Dataset section START
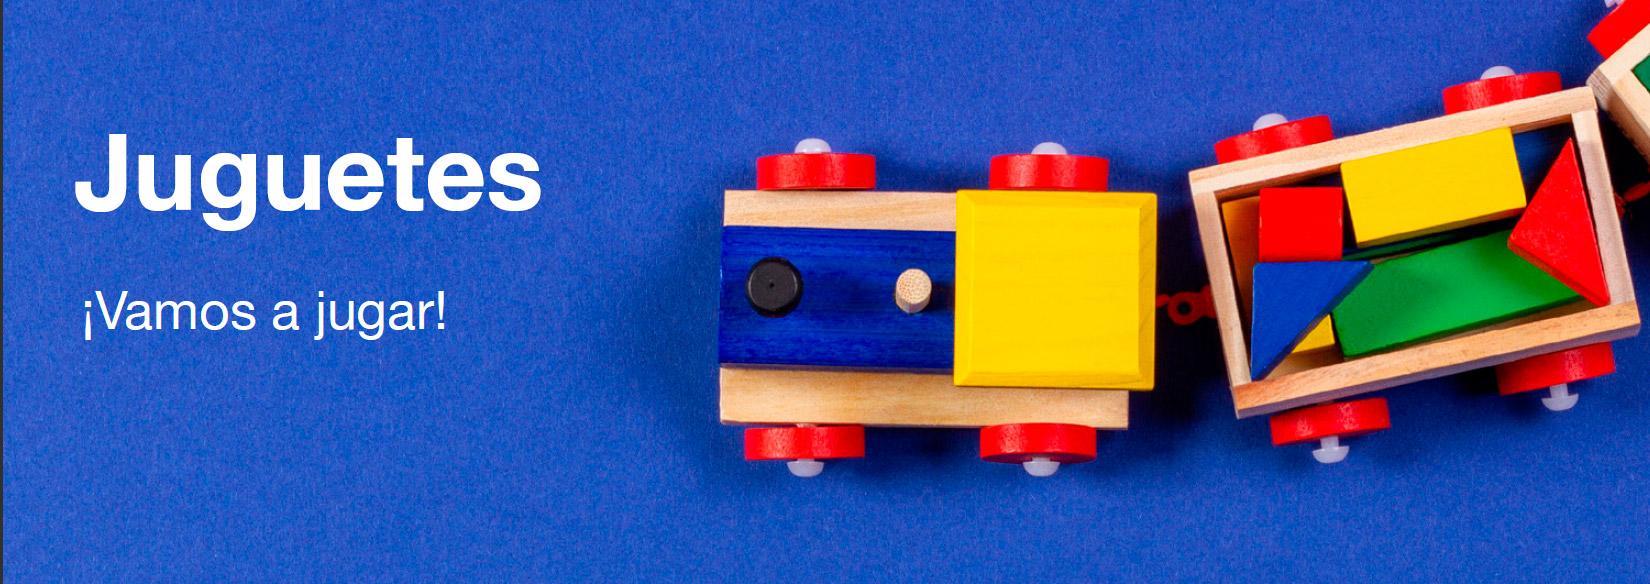 juguetes, munecas, lego, pre escolar, carros, peluches
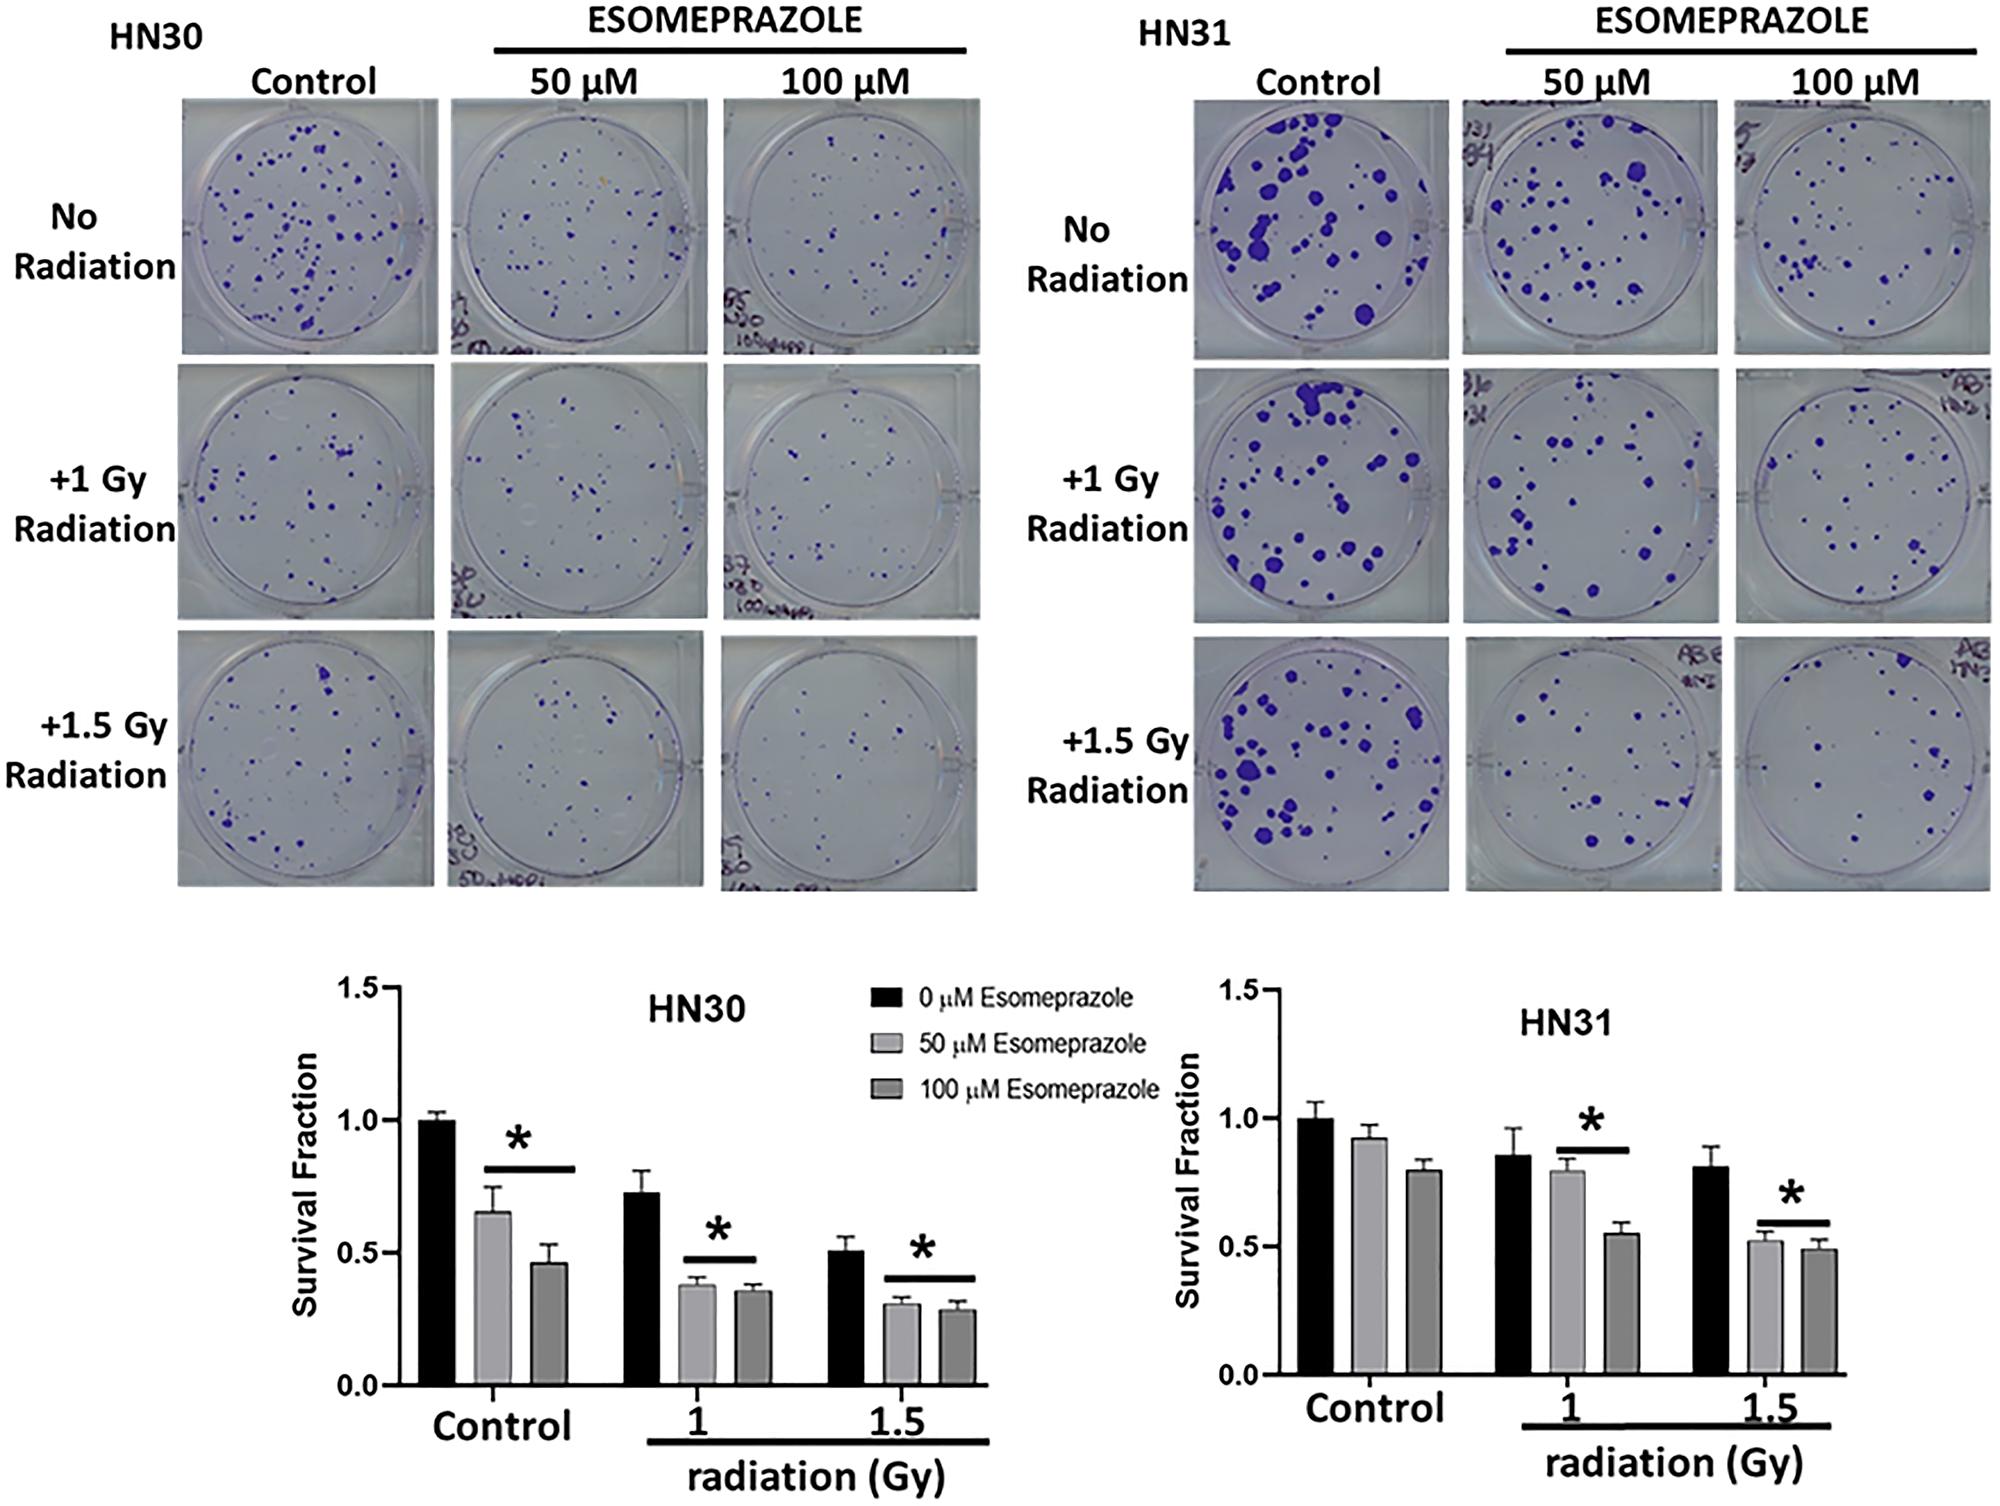 Esomeprazole enhances the effect of radiation to improve tumor control in vitro.
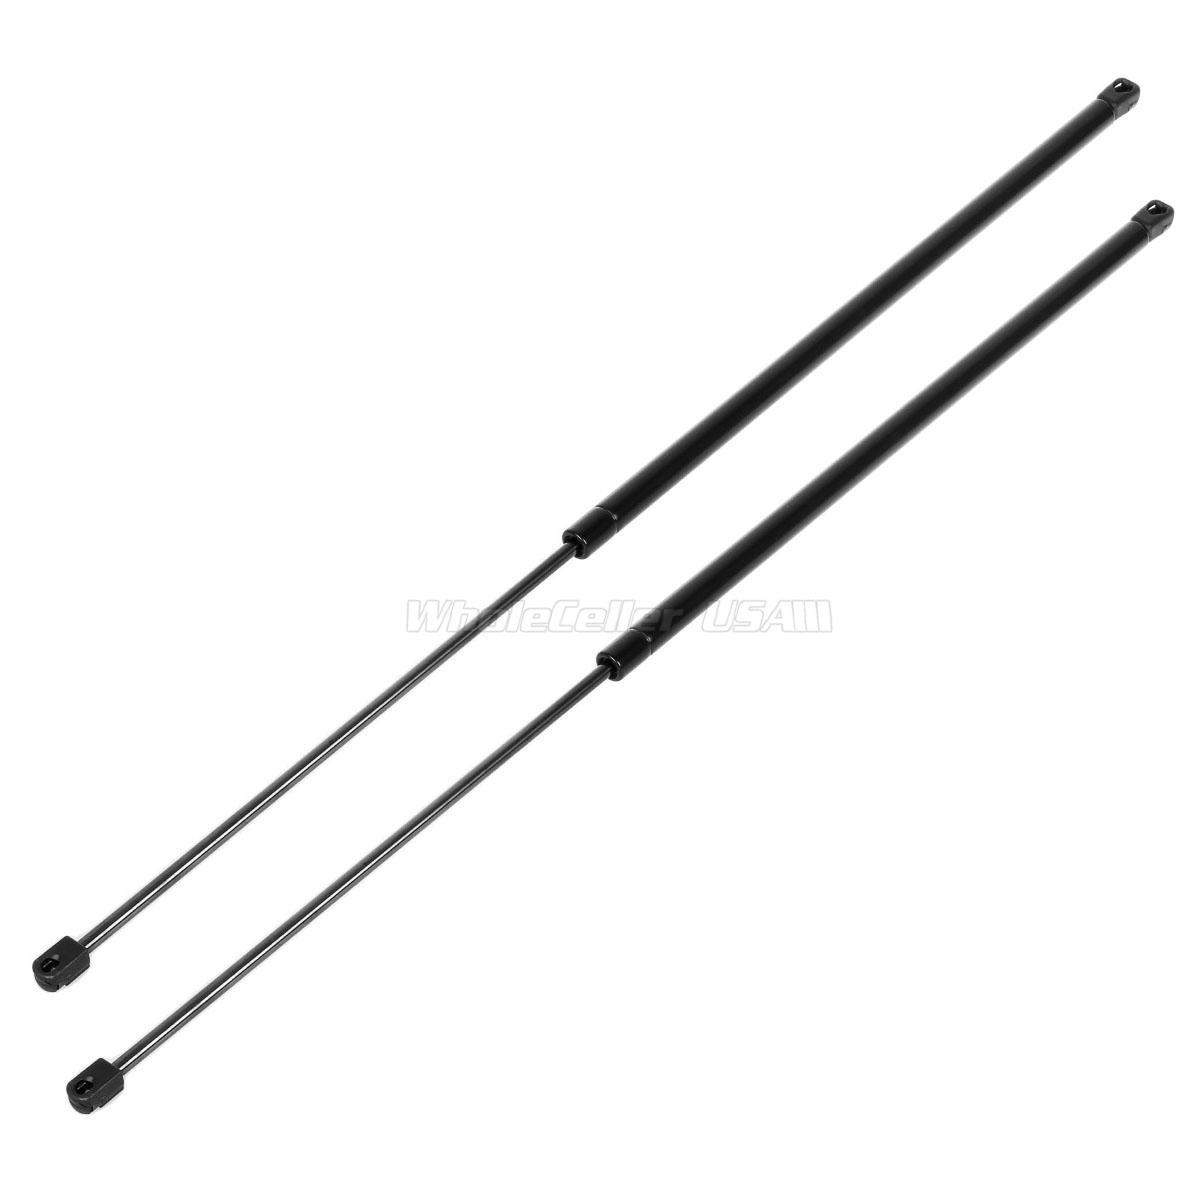 qt2 front hood lift support shocks struts for cadillac
Dataset section END
Would you retype the listing above exactly, omitting its pictures?

→ Response to this exercise
 juguetes, munecas, lego, pre escolar, carros, peluches
 Esomeprazole enhances the effect of radiation to improve tumor control in vitro.
 qt2 front hood lift support shocks struts for cadillac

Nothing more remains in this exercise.